What is the AI Control Problem?

Getting help without endangering ourselves

One day, AI systems will be better at thinking and acting on that thinking than we are. In essence, that means that they’ll be on the top of the food chain.

At least, this is what proponents of the AI control problem think will come to pass. Through a quick overview of current thought on the AI control problem including the main factors that come together to form it, we hope that the sheer scope of this discussion will be less daunting.

What is the AI Control Problem?

Some have summarized the entire scope of the AI Control Problem through what we already mentioned above. “One day, AI systems will be better at decision making than we are.” To better understand the specifics of this problem, it can help to breakdown Nick Bostrom’s analysis of the current state of it. Bostrom begins by splitting the problem into two areas, which he calls the generic part or the principal-agent problem and the “present context” area.

The principal-agent problem can be understood as when a human appoints an Artificial Intelligence to act in his or her interests. Even more specifically, Bostrom says that this becomes a problem when the humans that want an AI, hire other humans to build said AI. The possibility of this becoming an issue is because, according to Bostrom, one can never be sure that those who are hired to build the AI will build it the way that the future owners envision it.

Bostrom suggests that risks related to this principal-agent problem can be minimized in various ways, including utilizing outside auditors throughout the entire development and implementation process of the AI system as well as running comprehensive background checks on all staff that are hired to work on such a project. In the end of his discussion on the Principal Agent problem, Bostrom makes clear that he believes that projects which find themselves in a race to the finish line with a lot of competition, will be more likely to skip these recommendations. In doing so, he puts forward the idea that such firms are at a significantly higher risk for failure.

As to the second area of the AI Control problem, Bostrom starts off by moving us forwards into the future, into a time when Superintelligences already exist.

If you don’t remember from other pieces that we’ve written before, just think of a Superintelligence as an AI that became possible because of the Singularity and has a capacity for intelligence that far exceeds any human’s. If the existence of such an AI is taken to be true, then the existence of certain problems related to its development can also be taken as true. In essence, as Bostrom states, this turns out to be something akin to “the second principal agent problem.”

There are only two real differences between the principal agent problems, at least in theory. The first is that this involves one human party and one party that is a Superintelligence. The second is that this “second” problem would arise when the AI system is already functional, after the development phase.

In other words, this means that the issue of a second principal agent involves it acting against its human creators as well as its human users after they’ve put it out into the world. Therefore, we’re right back inside the theoretical models related to Malignant Failure Modes.

Relation to Malignant Failure Modes

In our previous piece on Malignant Failure Modes, we discussed perverse instantiation as well as infrastructure profusion. We set the stage for these earlier so that the connection between them and the second principal agent problem could be better understood. To put it simply, Malignant Future modes are the best examples of how Bostrom imagines the second principal agent problem playing out.

To sum it all up, Perverse Instantiation is when an AI system takes an extremely negative direction in order to achieve its goals, while Infrastructure Profusion is when an AI system starts with a goal like making 1 million paper clips and ends up treating everything around it as resources to help it to achieve that goal.

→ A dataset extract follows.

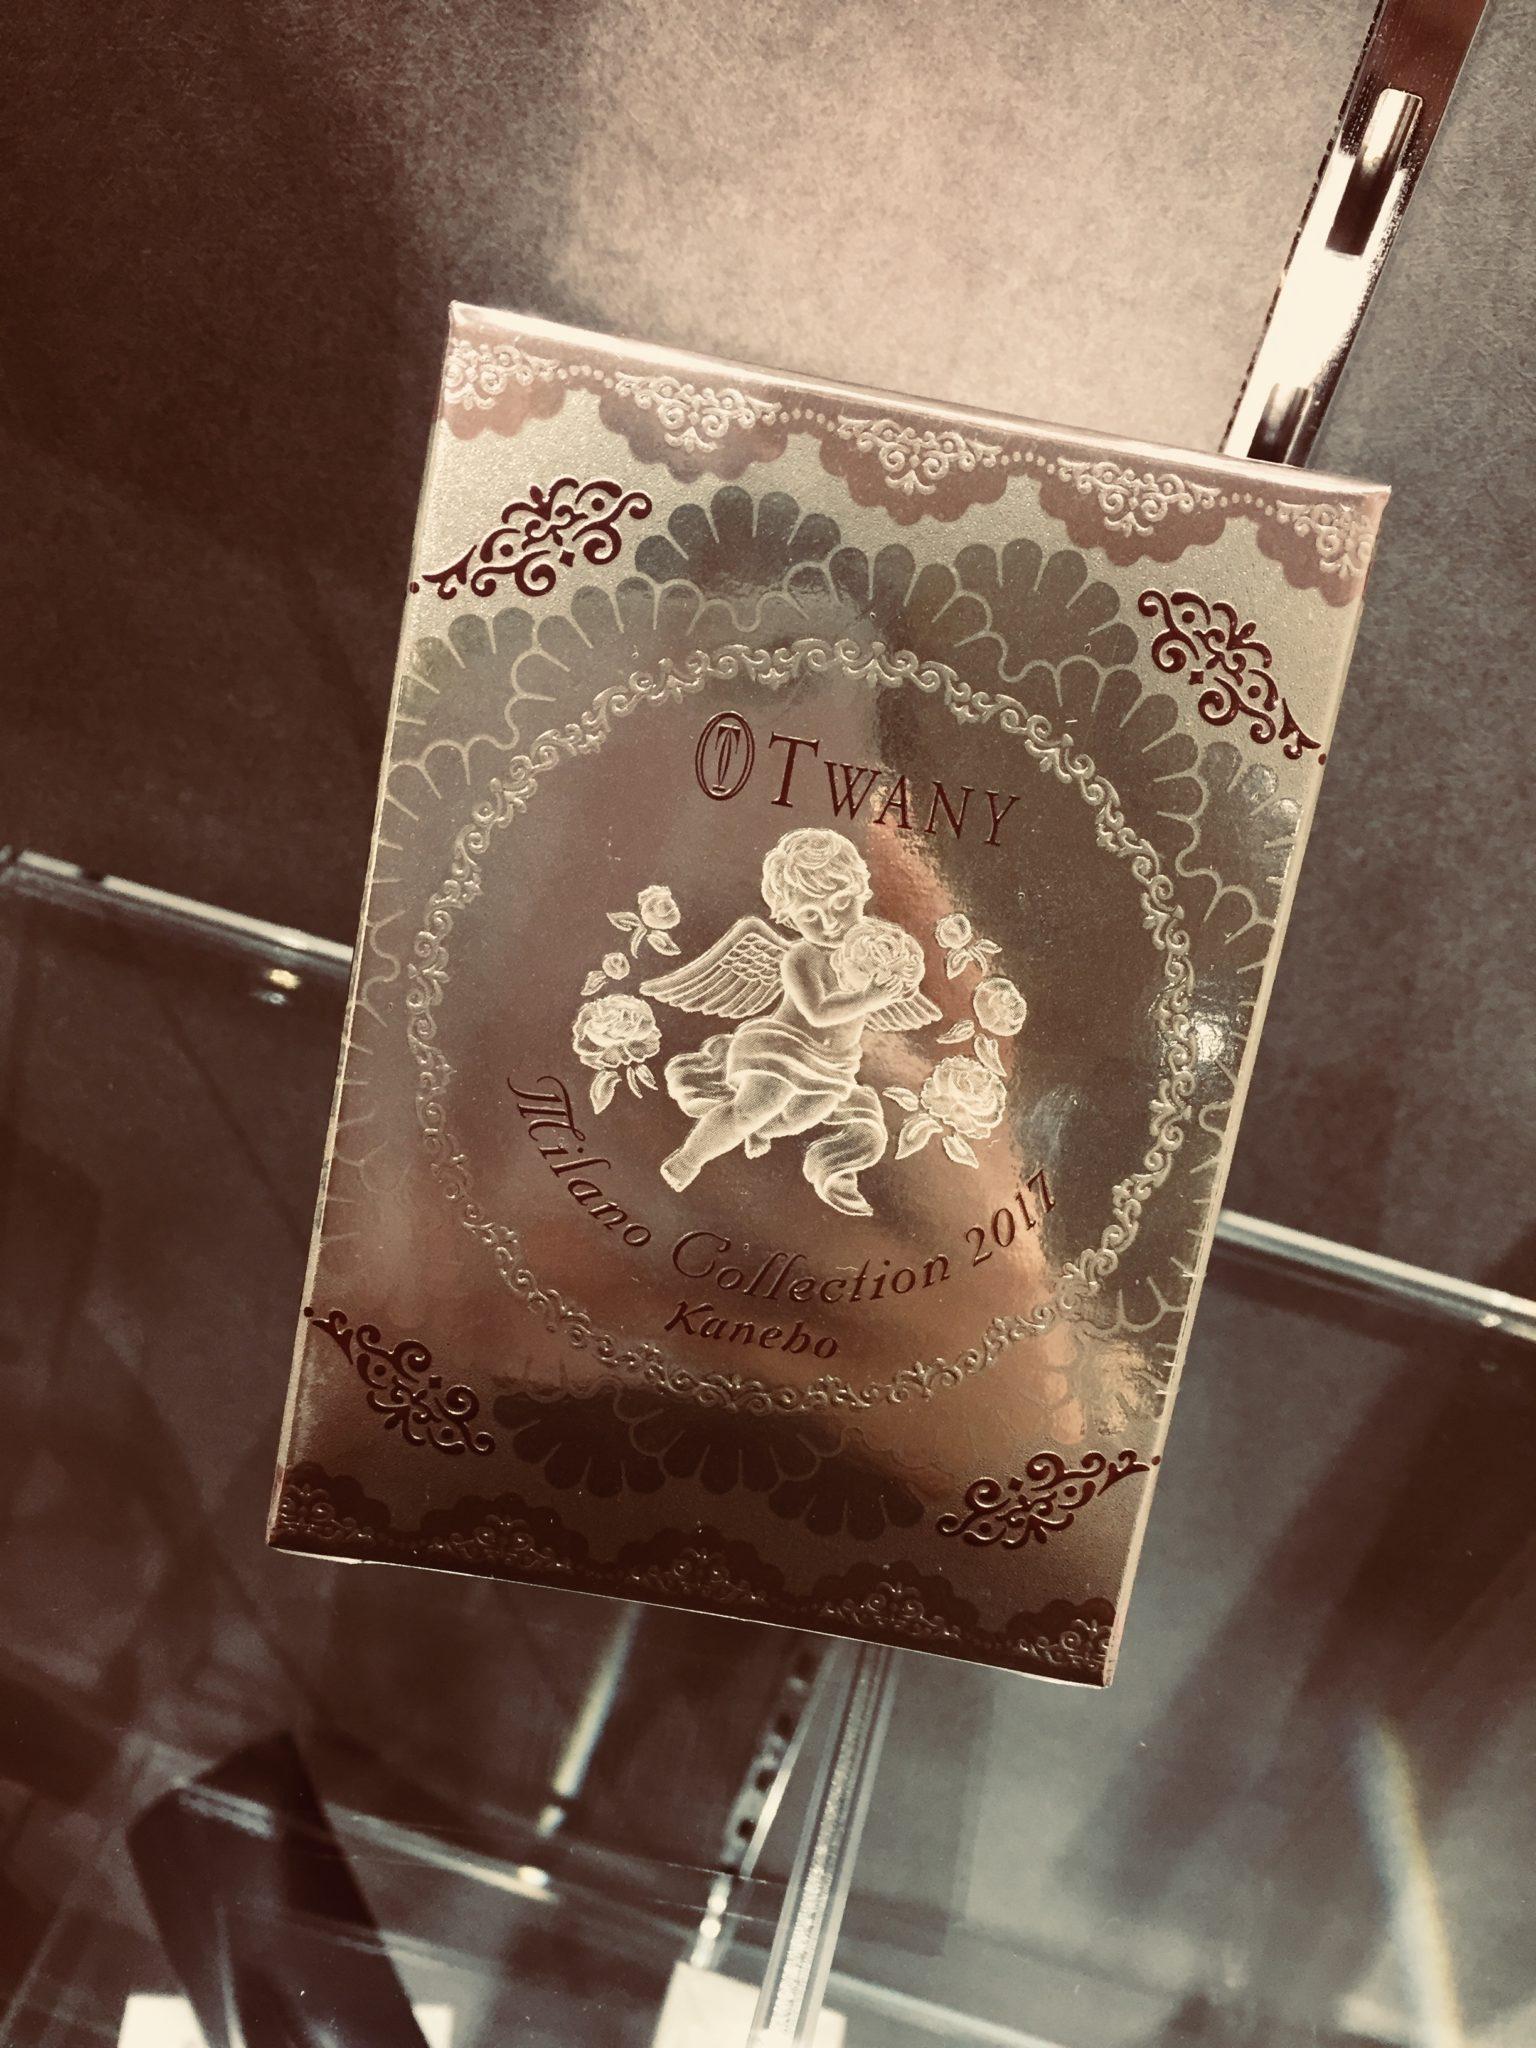 【盛岡 ミラノコレクション 販売】Kanebo カネボウ オードパルファム ミラノコレクション2017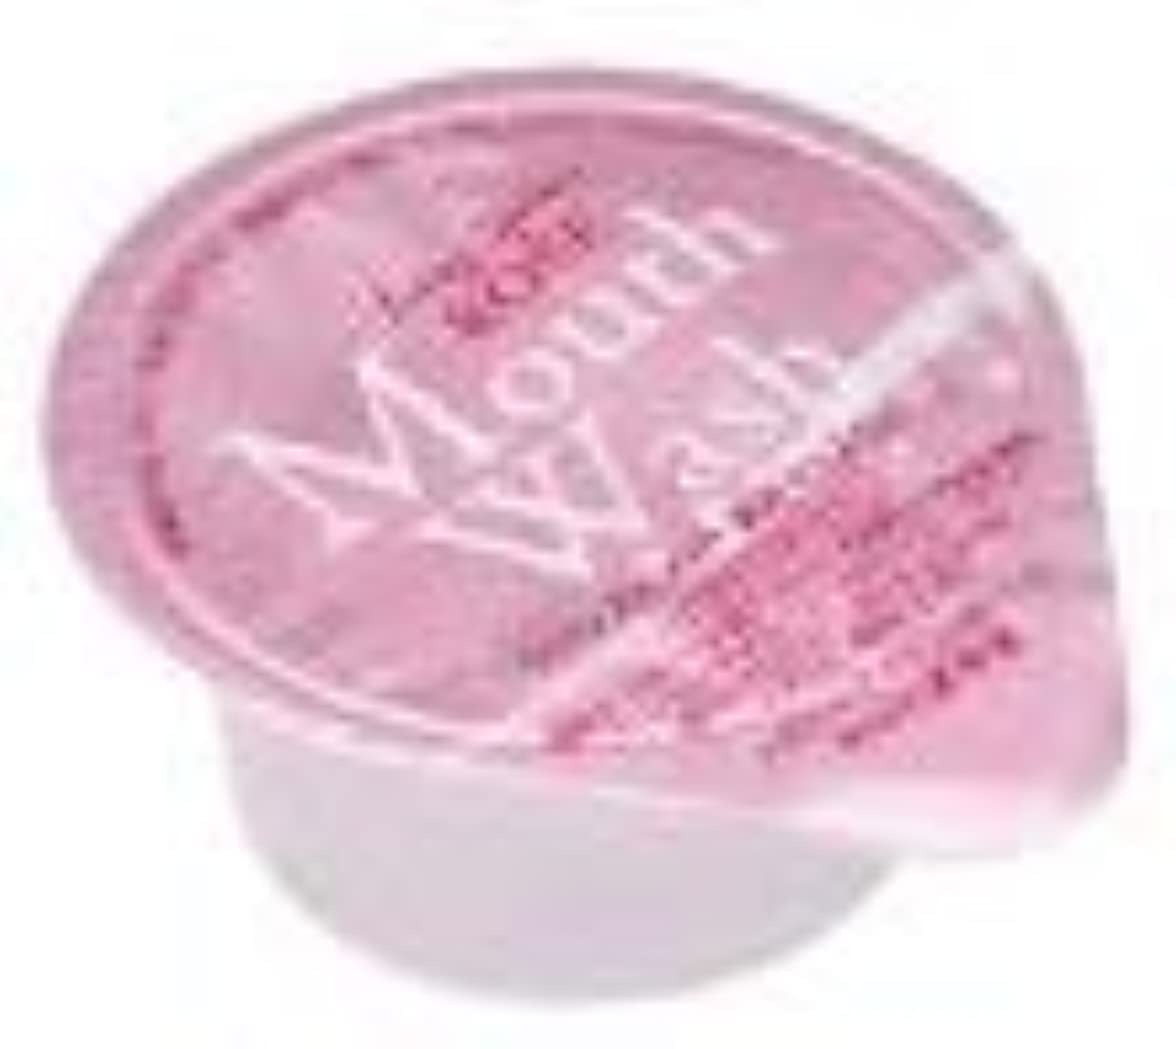 征服者歪める寝室を掃除するオキナ 薬用マウスウオッシュ ロングスピン ピンク ローズ 1000個セット

Therefore, both can be considered to be directly connected in the specific times in which systems begin to undergo some form of Treacherous Turn. To recap, a Treacherous Turn is when an AI pretends to be cooperative while it is growing, and then turns against it creators when it decides that it is strong enough to do so. With all three of these ideas in mind, where does the AI Control Problem come in?

Moving Forwards

In fact, with the evidence that we have, the answer is actually that it is all of these things and more. We’ve reviewed these concepts in order to illustrate what can be under the AI Control Problem’s umbrella. Specific solutions have been put forth by Bostrom and others which could help to solve all of these possible issues, but every one of them has its own weaknesses. Boxing allows the AI team to control the environment that their AI operates in. By definition, AI boxing means confining an AI to an environment like one computer, that cannot touch the outside world. A boxed Artificial Intelligence only interacts with its creators as well as whoever else they decide should be able to speak to it.

Such a box can be escaped from and AI theorists mention that the most likely ways to do so all involve convincing its creators to let it out. To understand everything that this can be, look no further than any sort of bribe that could be offered and any sort of threat that can be given, under the sun. There could be other ways for an AI to escape a box, but one could easily surmise that all of them would involve finding some weakness in the code that holds the box together.

Nick Bostrom believes that boxing isn’t actually a full answer or even a full step on the road towards stopping an AI from entering a malignant failure mode of any kind. In its place, he suggests two types of possible solutions, which he calls capability control methods and motivation selection methods.

In future pieces, we’ll delve into what these are and how they just might play out to the advantage of AI teams.